On Saturday, 8 October 2016 at 13:06:42 UTC, Manu wrote:
Oh no, you too? >_<

Yeah, I've been going on a readability bender lately, especially in public facing code.

My thinking there is that statements in code that don't immediately give context are essentially a cipher. Because that's exactly what you need to do to understand the code - look something up to see what it means. Named parameters and variable names that provide the context avoid that to a large degree.

I'm especially trying to make Binderoo readable as there's so many programmers that are scared by metaprogramming. My GDCE talk spent a lot of time attempting to make it all understandable. Making the code descriptive seals the deal. If I can make my code more descriptive, and it compiles out just the same but makes the compiler do a bit more work... Make the compiler do more work and optimise the compiler.

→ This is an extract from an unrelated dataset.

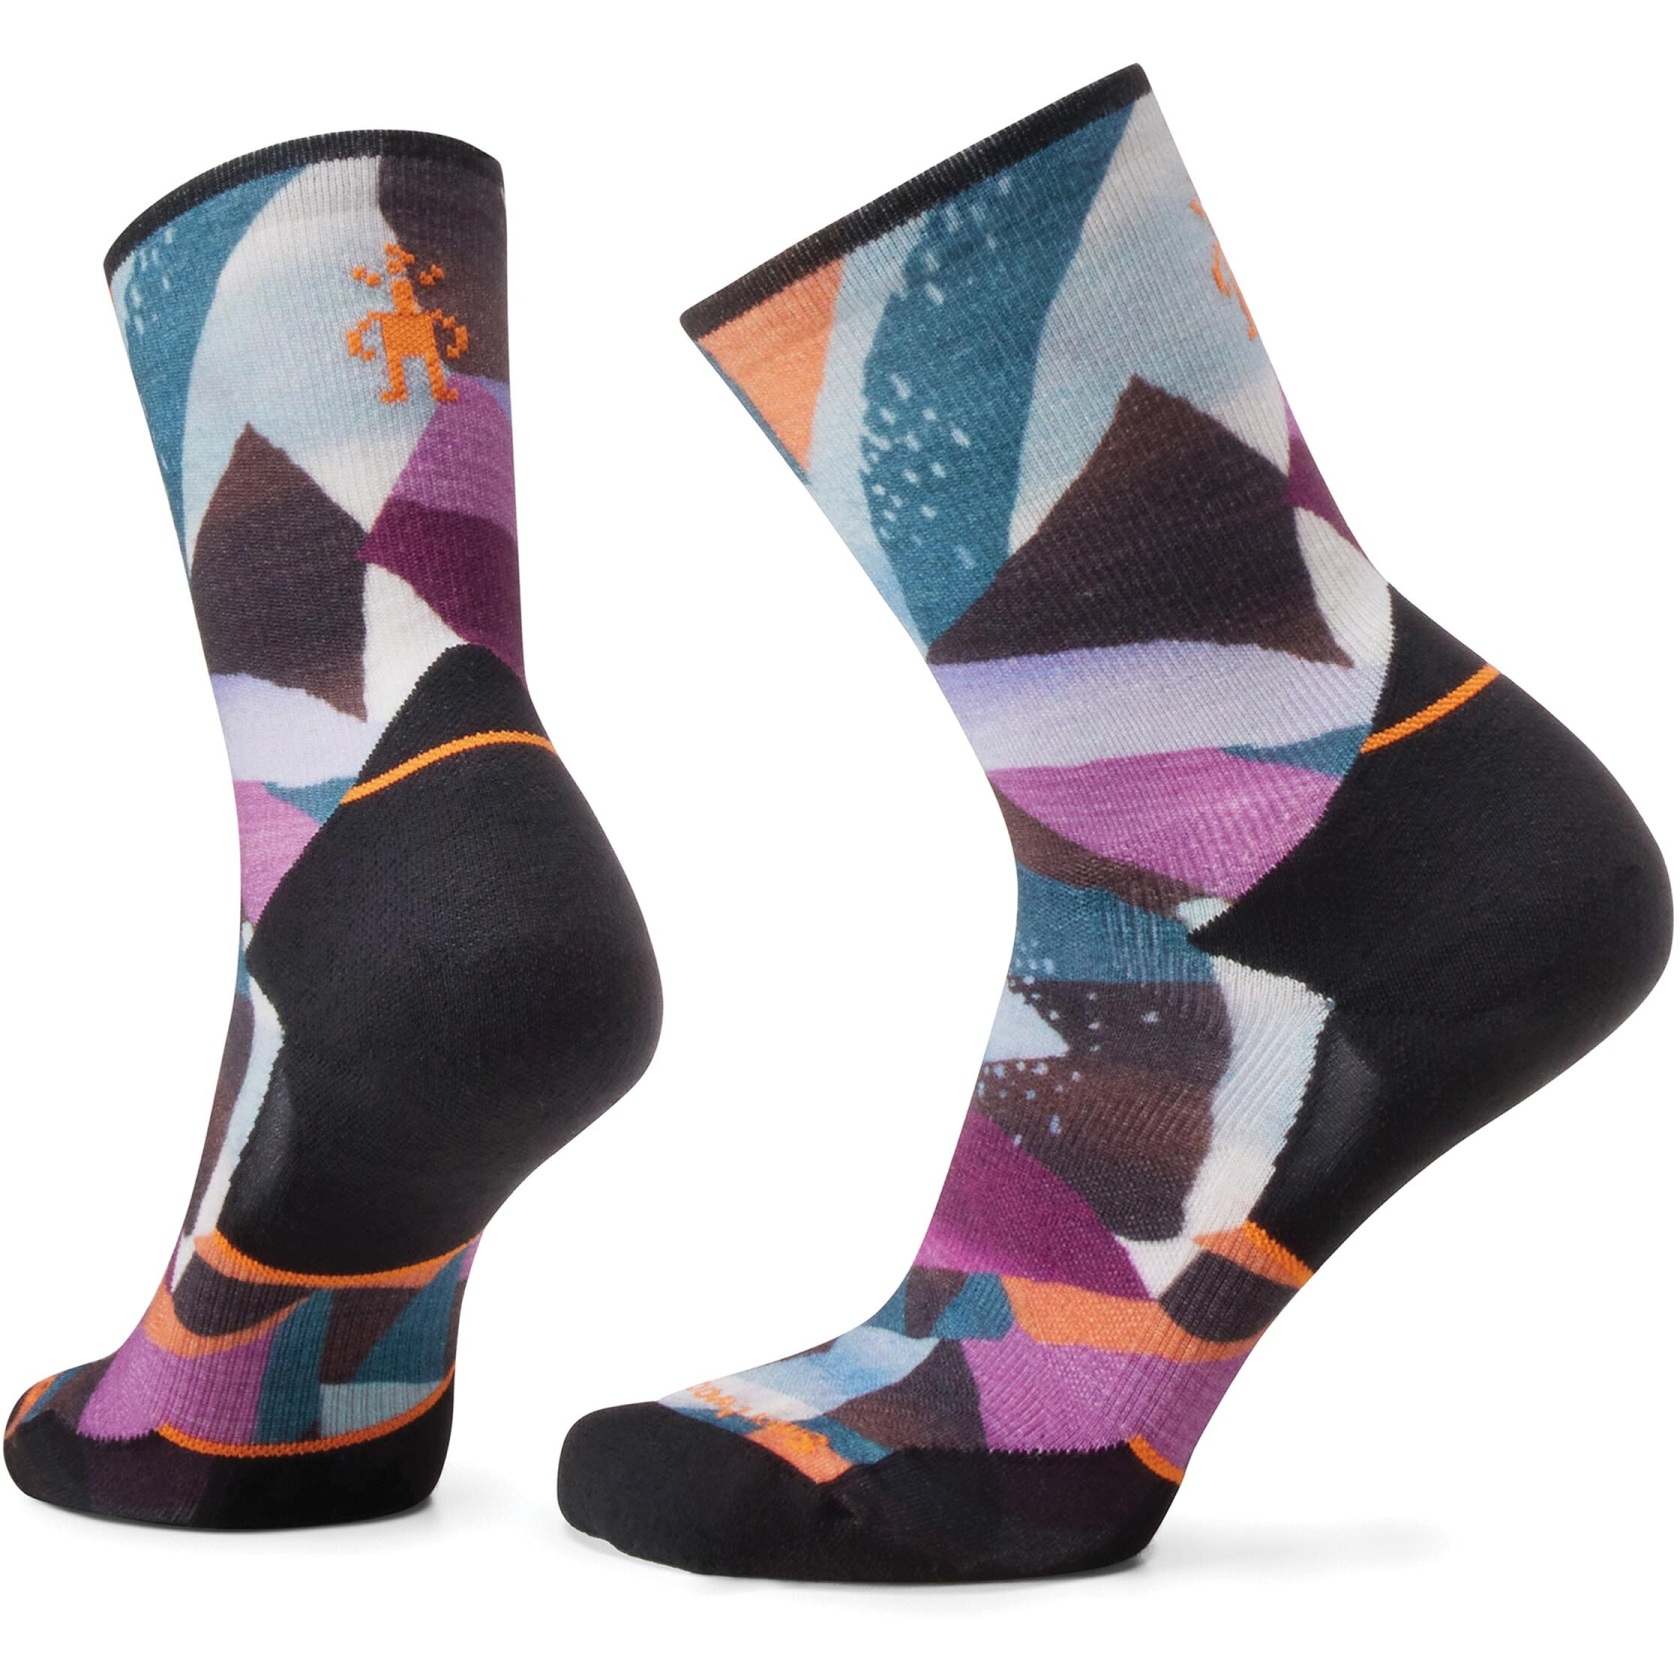 Produktbild von SmartWool Targeted Cushion Mosaic Pieces Print Crew Trailrunning Socken Damen - 001 schwarz

I'm far more lax on not-publicly-facing code (so basically API implementations and supporting code that isn't part of a public interface). Anything I expect someone other than myself to interact with gets the readability treatment. Which, as you know, is important because readable code generally isn't efficient code - as is evidenced by the vectorisation/buffer processing thread going on in here.

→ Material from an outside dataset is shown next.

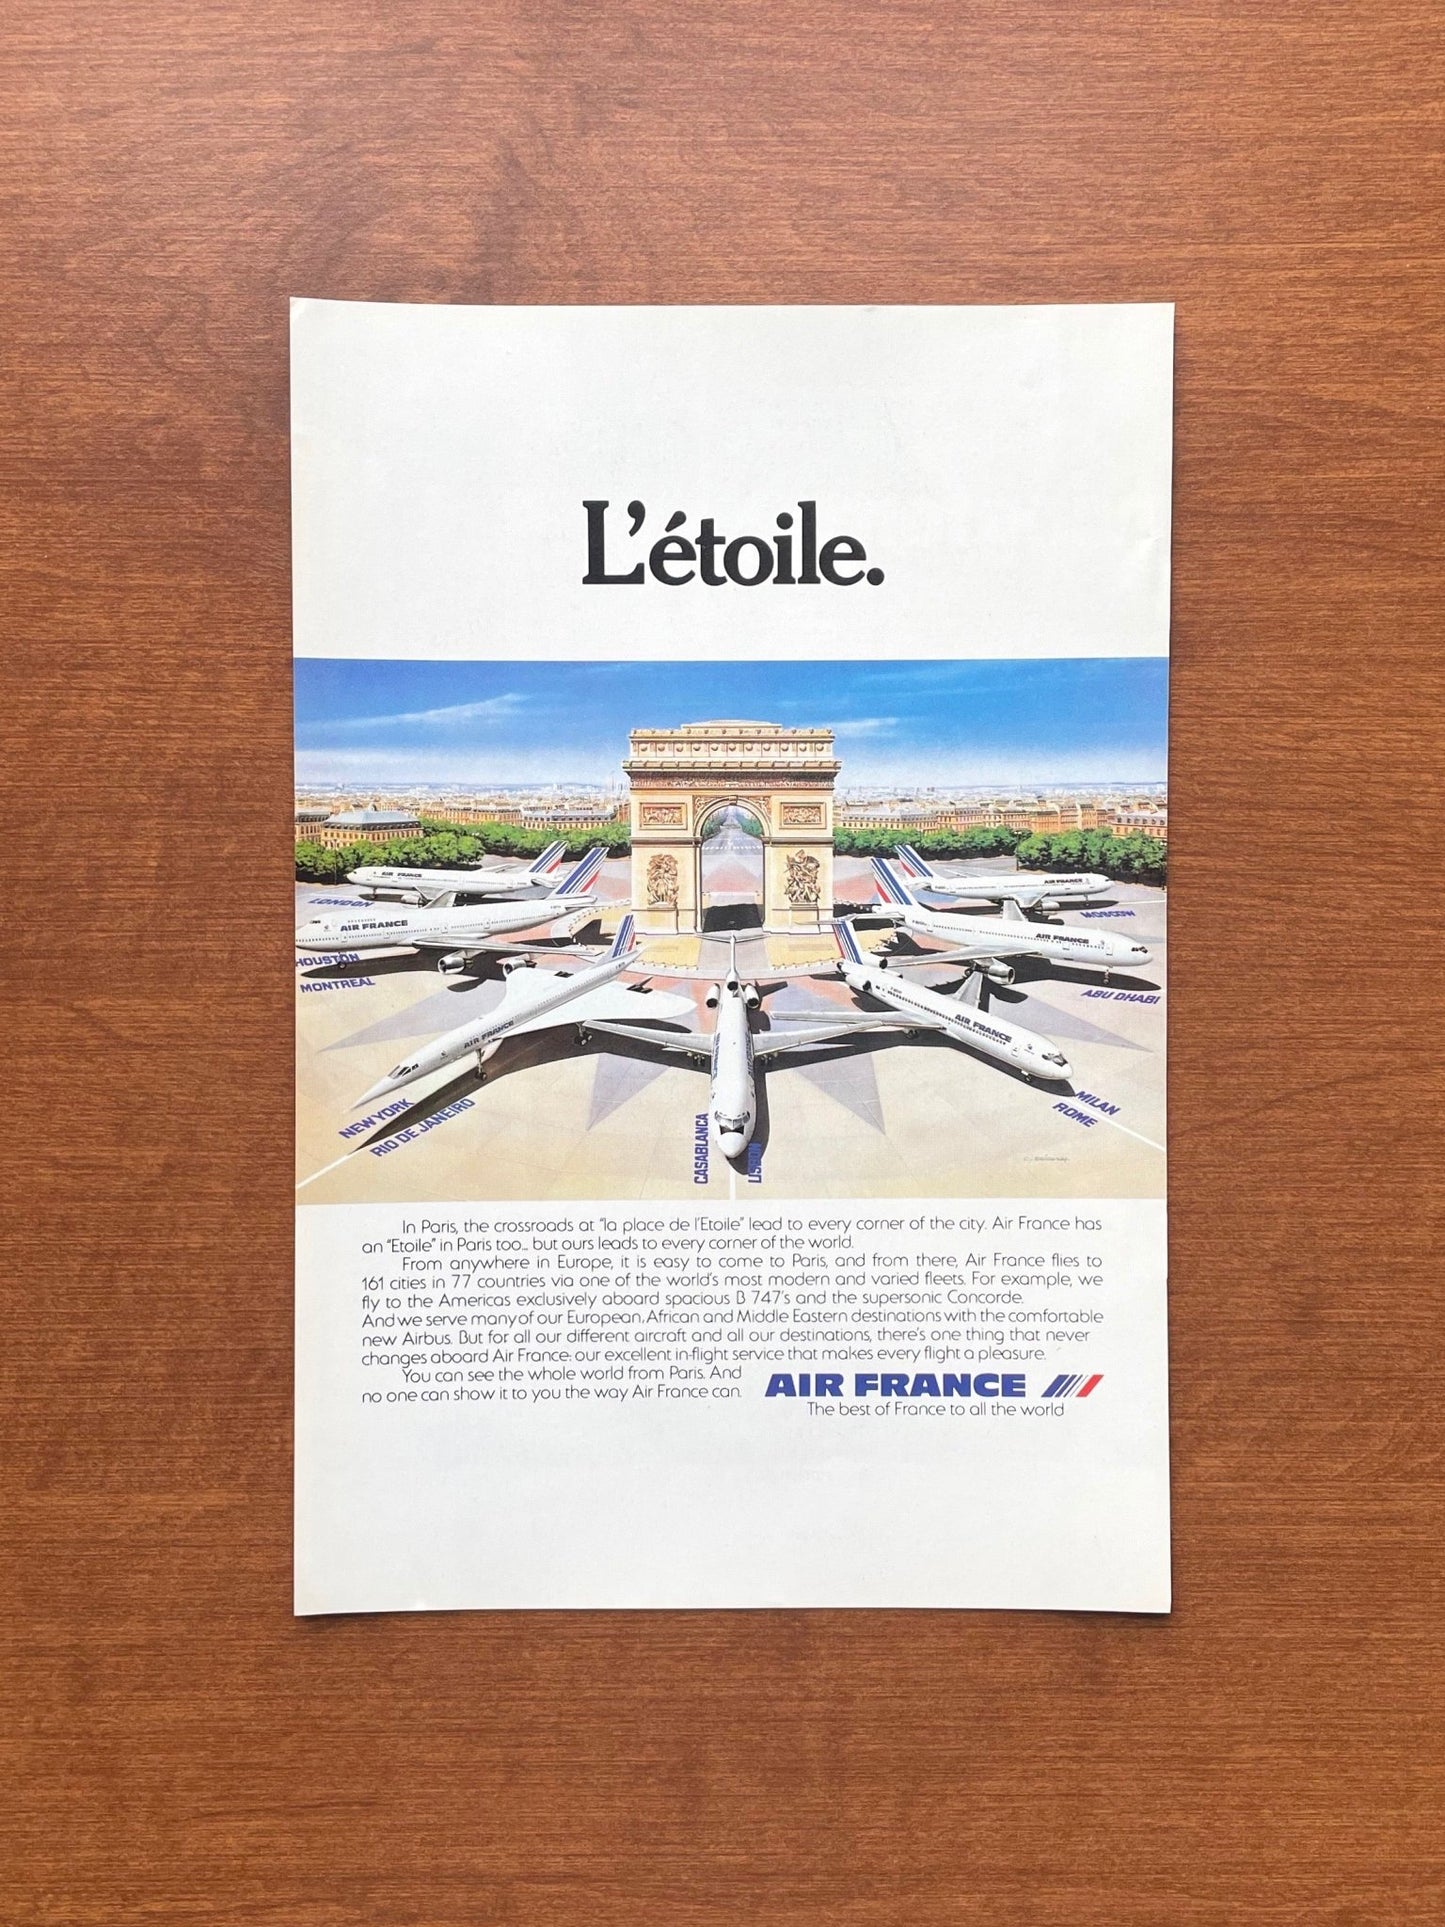 Air France Arc de Triomphe "L'Etoile" Advertisement

It's also interesting how many programmers get vehemently defensive when you call out non-descriptive programming practices as programming for your own convenience and no one else. I have this argument with using i/j/k/foo/bar/etc in loops as well.

Incidentally, have you had a geez over the core API? An efficient API
will emerge when we work out how to work batched operations into
ranges...

Been slowly making my way through it. Seems solid enough, but I haven't looked through it all thoroughly yet.